[Items from a data source]

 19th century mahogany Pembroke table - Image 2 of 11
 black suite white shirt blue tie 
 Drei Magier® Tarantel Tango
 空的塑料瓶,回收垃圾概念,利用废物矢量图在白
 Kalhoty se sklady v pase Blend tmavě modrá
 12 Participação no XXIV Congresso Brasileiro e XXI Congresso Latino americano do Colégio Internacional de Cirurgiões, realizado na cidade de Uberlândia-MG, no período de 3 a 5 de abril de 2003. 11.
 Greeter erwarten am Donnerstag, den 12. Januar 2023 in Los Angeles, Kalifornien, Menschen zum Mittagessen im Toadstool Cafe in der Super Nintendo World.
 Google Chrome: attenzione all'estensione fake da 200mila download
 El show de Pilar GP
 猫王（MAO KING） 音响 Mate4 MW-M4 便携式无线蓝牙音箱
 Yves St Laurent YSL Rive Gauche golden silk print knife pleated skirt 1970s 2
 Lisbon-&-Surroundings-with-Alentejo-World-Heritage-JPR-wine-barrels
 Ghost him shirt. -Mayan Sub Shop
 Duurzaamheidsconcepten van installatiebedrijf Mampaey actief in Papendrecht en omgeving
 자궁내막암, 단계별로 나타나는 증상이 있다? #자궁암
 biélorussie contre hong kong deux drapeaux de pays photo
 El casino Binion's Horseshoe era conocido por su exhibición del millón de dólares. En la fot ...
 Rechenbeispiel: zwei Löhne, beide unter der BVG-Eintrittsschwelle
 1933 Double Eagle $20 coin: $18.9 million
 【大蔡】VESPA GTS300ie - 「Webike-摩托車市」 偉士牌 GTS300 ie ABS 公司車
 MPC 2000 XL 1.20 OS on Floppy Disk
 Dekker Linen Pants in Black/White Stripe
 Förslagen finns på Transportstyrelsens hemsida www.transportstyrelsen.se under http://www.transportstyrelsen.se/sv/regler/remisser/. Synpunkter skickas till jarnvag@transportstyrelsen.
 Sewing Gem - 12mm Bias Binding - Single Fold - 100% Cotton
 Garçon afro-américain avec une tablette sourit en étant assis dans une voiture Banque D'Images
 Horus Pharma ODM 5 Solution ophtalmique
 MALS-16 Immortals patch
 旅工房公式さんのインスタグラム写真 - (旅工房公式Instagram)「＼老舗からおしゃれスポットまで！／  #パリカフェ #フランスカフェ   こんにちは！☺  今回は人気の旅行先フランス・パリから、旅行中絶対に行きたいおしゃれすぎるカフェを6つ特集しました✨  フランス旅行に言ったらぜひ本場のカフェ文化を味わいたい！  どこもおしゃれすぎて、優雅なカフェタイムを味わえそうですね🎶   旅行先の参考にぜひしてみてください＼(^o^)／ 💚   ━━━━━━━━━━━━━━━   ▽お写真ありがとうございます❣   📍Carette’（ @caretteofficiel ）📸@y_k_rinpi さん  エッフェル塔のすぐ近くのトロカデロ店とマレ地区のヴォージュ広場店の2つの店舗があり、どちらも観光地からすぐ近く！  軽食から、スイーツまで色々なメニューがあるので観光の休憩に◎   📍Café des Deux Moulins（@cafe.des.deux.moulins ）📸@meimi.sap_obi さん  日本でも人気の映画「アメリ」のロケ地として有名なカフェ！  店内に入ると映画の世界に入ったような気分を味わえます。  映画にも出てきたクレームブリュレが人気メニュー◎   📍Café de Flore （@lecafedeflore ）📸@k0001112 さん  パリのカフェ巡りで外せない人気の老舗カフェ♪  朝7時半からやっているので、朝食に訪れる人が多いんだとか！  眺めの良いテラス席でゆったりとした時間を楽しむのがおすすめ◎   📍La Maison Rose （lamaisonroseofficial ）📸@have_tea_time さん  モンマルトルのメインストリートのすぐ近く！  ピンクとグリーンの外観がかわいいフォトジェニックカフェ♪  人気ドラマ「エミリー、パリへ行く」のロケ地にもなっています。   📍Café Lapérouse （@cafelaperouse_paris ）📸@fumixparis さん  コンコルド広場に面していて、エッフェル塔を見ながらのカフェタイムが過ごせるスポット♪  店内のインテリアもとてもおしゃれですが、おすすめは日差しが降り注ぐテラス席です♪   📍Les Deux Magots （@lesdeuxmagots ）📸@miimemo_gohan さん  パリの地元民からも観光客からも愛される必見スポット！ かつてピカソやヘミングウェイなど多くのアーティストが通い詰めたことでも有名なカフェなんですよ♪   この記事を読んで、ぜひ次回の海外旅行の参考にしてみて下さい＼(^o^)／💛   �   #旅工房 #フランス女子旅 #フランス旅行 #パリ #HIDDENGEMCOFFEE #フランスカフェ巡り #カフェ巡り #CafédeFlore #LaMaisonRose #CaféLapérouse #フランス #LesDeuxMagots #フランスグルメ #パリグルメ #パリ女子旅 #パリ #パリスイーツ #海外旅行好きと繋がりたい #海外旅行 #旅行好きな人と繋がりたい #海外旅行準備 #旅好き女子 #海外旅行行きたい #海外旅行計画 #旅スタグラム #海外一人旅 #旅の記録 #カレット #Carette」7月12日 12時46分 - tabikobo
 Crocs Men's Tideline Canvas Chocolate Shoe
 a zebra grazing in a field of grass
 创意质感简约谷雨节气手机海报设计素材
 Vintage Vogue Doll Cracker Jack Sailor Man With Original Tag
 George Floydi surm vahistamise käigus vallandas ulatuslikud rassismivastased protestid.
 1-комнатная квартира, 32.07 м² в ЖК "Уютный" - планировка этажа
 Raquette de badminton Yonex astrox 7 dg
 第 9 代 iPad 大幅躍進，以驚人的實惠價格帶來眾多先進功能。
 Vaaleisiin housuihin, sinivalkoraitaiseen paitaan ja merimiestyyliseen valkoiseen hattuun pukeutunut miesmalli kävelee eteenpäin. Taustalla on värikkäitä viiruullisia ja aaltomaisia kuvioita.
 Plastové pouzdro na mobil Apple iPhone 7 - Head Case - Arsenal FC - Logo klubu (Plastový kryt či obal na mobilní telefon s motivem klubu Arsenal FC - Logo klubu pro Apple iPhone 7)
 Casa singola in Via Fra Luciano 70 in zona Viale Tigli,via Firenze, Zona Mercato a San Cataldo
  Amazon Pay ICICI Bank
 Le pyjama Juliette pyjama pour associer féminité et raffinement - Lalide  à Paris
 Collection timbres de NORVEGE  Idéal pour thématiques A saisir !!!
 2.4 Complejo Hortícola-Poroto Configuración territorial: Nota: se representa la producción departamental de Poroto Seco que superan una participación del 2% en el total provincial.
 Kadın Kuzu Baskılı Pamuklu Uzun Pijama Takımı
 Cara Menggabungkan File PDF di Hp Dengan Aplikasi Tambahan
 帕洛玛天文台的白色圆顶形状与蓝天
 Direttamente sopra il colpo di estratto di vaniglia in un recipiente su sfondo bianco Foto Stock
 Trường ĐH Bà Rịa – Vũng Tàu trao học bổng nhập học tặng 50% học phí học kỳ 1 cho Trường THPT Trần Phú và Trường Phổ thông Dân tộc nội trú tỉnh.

| Required work |
Copy, please, exactly the lines that start at the first line of the data and end at the line containing "MALS-16 Immortals patch", both kept and no others.

| Answer for the task |
 19th century mahogany Pembroke table - Image 2 of 11
 black suite white shirt blue tie 
 Drei Magier® Tarantel Tango
 空的塑料瓶,回收垃圾概念,利用废物矢量图在白
 Kalhoty se sklady v pase Blend tmavě modrá
 12 Participação no XXIV Congresso Brasileiro e XXI Congresso Latino americano do Colégio Internacional de Cirurgiões, realizado na cidade de Uberlândia-MG, no período de 3 a 5 de abril de 2003. 11.
 Greeter erwarten am Donnerstag, den 12. Januar 2023 in Los Angeles, Kalifornien, Menschen zum Mittagessen im Toadstool Cafe in der Super Nintendo World.
 Google Chrome: attenzione all'estensione fake da 200mila download
 El show de Pilar GP
 猫王（MAO KING） 音响 Mate4 MW-M4 便携式无线蓝牙音箱
 Yves St Laurent YSL Rive Gauche golden silk print knife pleated skirt 1970s 2
 Lisbon-&-Surroundings-with-Alentejo-World-Heritage-JPR-wine-barrels
 Ghost him shirt. -Mayan Sub Shop
 Duurzaamheidsconcepten van installatiebedrijf Mampaey actief in Papendrecht en omgeving
 자궁내막암, 단계별로 나타나는 증상이 있다? #자궁암
 biélorussie contre hong kong deux drapeaux de pays photo
 El casino Binion's Horseshoe era conocido por su exhibición del millón de dólares. En la fot ...
 Rechenbeispiel: zwei Löhne, beide unter der BVG-Eintrittsschwelle
 1933 Double Eagle $20 coin: $18.9 million
 【大蔡】VESPA GTS300ie - 「Webike-摩托車市」 偉士牌 GTS300 ie ABS 公司車
 MPC 2000 XL 1.20 OS on Floppy Disk
 Dekker Linen Pants in Black/White Stripe
 Förslagen finns på Transportstyrelsens hemsida www.transportstyrelsen.se under http://www.transportstyrelsen.se/sv/regler/remisser/. Synpunkter skickas till jarnvag@transportstyrelsen.
 Sewing Gem - 12mm Bias Binding - Single Fold - 100% Cotton
 Garçon afro-américain avec une tablette sourit en étant assis dans une voiture Banque D'Images
 Horus Pharma ODM 5 Solution ophtalmique
 MALS-16 Immortals patch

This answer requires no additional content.